MCRS1 S65 phosphorylation-deficient mutant exhibits a defect in chromosome segregation. (A) Time-lapse live-cell images. A549 cells expressing H2B-CFP were transfected with MCRS1 siRNA. Cells were then arrested at G2 by RO3306 and released into fresh medium for monitoring chromosome segregation. Time after nuclear envelope breakdown was counted by minutes. Misaligned chromosomes in MCRS1 siRNA cells were magnified in a rectangle. Bar: 5 μm. (B) Mitotic duration of MCRS1 depleted cells. Results from three independent experiments of panel A were combined and are shown together as mean ± SEM (total 120 mitotic cells). Two-tailed P value was calculated by unpaired Student’s t test. **** means P value is less than 0.0001, *** less than 0.001, and ** less than 0.01. NS stands for not significant. (C) Immunofluorescence of mitotic cells. HeLa Tet-on cells stably expressing MCRS1-GFP were fixed and processed for immunofluorescence using GFP antibody. DNA was stained by Hoechst 33342. Bar: 5 μm. (D) Stable cell line expressing MCRS1-GFP WT, S65A, or S65D. HeLa Tet-on cells were transfected with MCRS1 siRNA and processed for Western blot to examine MCRS1 protein level. (E) Mitotic duration of stable cell lines. Stable cell lines were transfected with siRNA and mitotic duration was counted by live-cell DIC microscope movie. Results from two independent experiments counting ∼40 cells were combined and are shown here as mean ± SEM. Two-tailed P value was calculated similarly as in panel B. (F) Abnormal chromosome alignment at metaphase. Stable cell lines were transfected with siRNA and treated with MG132 for 1 h. Metaphase cells were counted either normal or abnormal, based on DNA and mitotic spindle distribution. Results from three independent experiments counting ∼60 cells each were combined and are shown here as mean ± SEM. Two-tailed P value was calculated similarly as in panel B. Bar: 5 μm.

FIGURE 5:

Mps1 inhibition diminishes KIF2A localization near centrosome. (A) Immuno­fluorescence of HeLa Tet-on cells after Mps1 inhibition. HeLa cells were treated with MG132 or MG132/AZ3146 for 1 h and processed for immunofluorescence to visualize DNA and KIF2A by Hoechst 33342 and anti-KIF2A antibody. Bar: 5 μm. (B) Statistics of abnormal chromosome alignment. The data from panel A were used for statistics and representative images of normal and abnormal alignment were shown in panel A. Results from three independent experiments counting ∼100 cells each were combined and are shown here as mean ± SEM. Two-tailed P value was calculated by unpaired Student’s t test. **** means P value is less than 0.0001 and *** less than 0.001. (C, D) Statistics of KIF2A localization and intercentrosome distance. The data from panel A were used statistics.

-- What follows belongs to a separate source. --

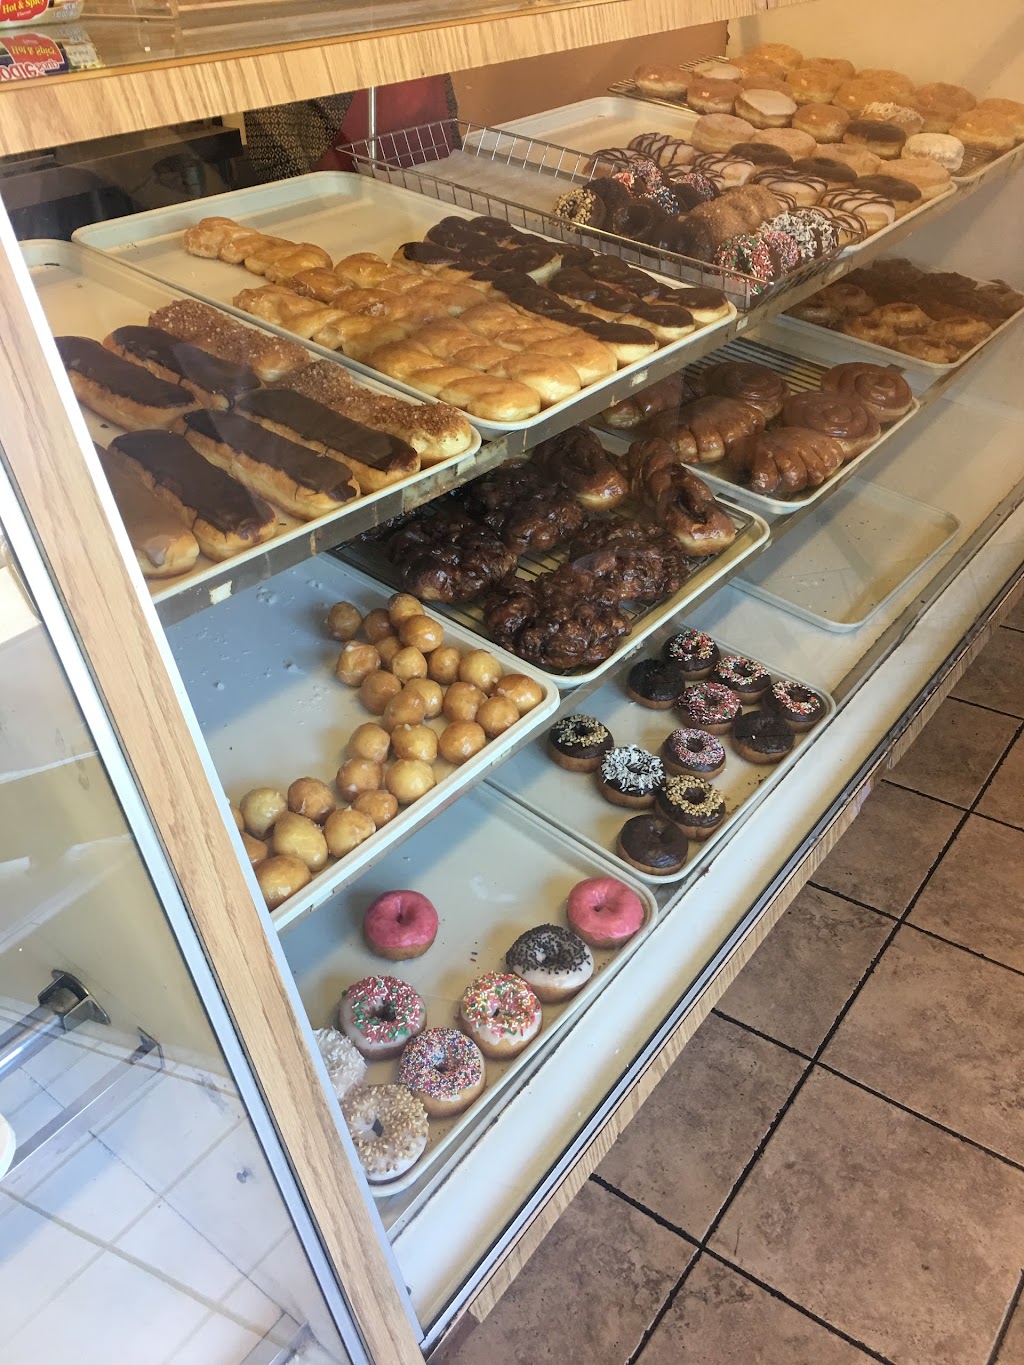 Sams Donuts | 2641 N Grand Ave, Santa Ana, CA 92705, USA | Phone: (714) 386-2240

Results from two independent experiments counting ∼50 cells were combined and are shown here as mean ± SEM. Two-tailed P value was calculated similarly as in panel B. (E) Rescue of chromosome alignment defect. HeLa Tet-on cells expressing RNAi-resistant MCRS1-GFP were first transfected with MCRS1 siRNA and treated with MG132/AZ3146 for 1 h. Results from three independent experiments counting ∼100 cells each were combined and are shown here as mean ± SEM. Two-tailed P value was calculated similarly as in panel B.

Phosphorylation of MCRS1 at S65 by Mps1 facilitates chromosome alignment

To test the function of MCRS1 S64/S65 phosphorylation in chromosome alignment, we developed HeLa cell lines stably expressing RNAi-resistant MCRS1 wild type or S64A/S65A (Supplemental Figure S2A). Reverse transcription-PCRs (RT-PCRs) and Western blots showed that the levels of endogenous MCRS1 mRNA and protein were greatly reduced by RNAi but those of exogenous MCRS1-GFP were not. MCRS1-GFP predominantly localized to the nucleus and nucleolus during interphase, but was enriched at the spindle poles, near the minus end of microtubules, from prophase to anaphase (Figure 3C). This is consistent with earlier findings that MCRS1 localizes to the minus end of microtubules during mitosis (Meunier and Vernos, 2011).

We then examined mitotic timing of the stable HeLa cell lines after MCRS1 RNAi (Supplemental Figure S2B). Many cells stayed in mitosis longer than 3 h and resulted in mitotic exit without division or mitotic cell death. Unlike control HeLa cells, HeLa cells stably expressing MCRS1-WT did not exhibit gross mitotic defect. By contrast, HeLa cells expressing MCRS1-S64A/S65A exhibited mitotic defect similar to control cells, and stayed longer in mitosis. To verify that the mitotic defect of MCRS1-S64A/S65A was not due to clonal variation, we generated additional clones of MCRS1 and examine their mitotic timing (Figure 3, D and E). We developed HeLa cell lines where MCRS1 expression was controllable by an inducible promoter to circumvent any potential harmful effect of MCRS1 overexpression during clonal development. Again, cells with the RNAi-resistant MCRS1-WT exited mitosis normally after MCRS1 RNAi, but cells with the MCRS1-S65A did not, ruling out clonal variation as the underlying cause of the observed mitotic phenotype. We also generated an inducible cell line of phosphorylation-mimicking MCRS1-S65D and examined its mitotic timing. This cell line behaved the same way as the wild-type cell line. The fact that the S65D mutant, but not the S65A mutant, can functionally complement MCRS1 depletion strongly supports the involvement of phosphorylation and argues against a simple structural role of S65.

To further study the defects of MCRS1-S65A in chromosome alignment, we examined chromosome distribution in MG132-arrested metaphase cells (Figure 3F and Supplemental Figure S2C). Consistent with the prolonged mitotic timing, the percentage of cells with misaligned chromosomes was greatly increased after MCRS1 RNAi. Expression of MCRS1-WT or S65D reduced the percentage of the misaligned cells, but expression of MCRS1-S65A did not. This result confirms the important role of MCRS1 phosphorylation for efficient chromosome alignment.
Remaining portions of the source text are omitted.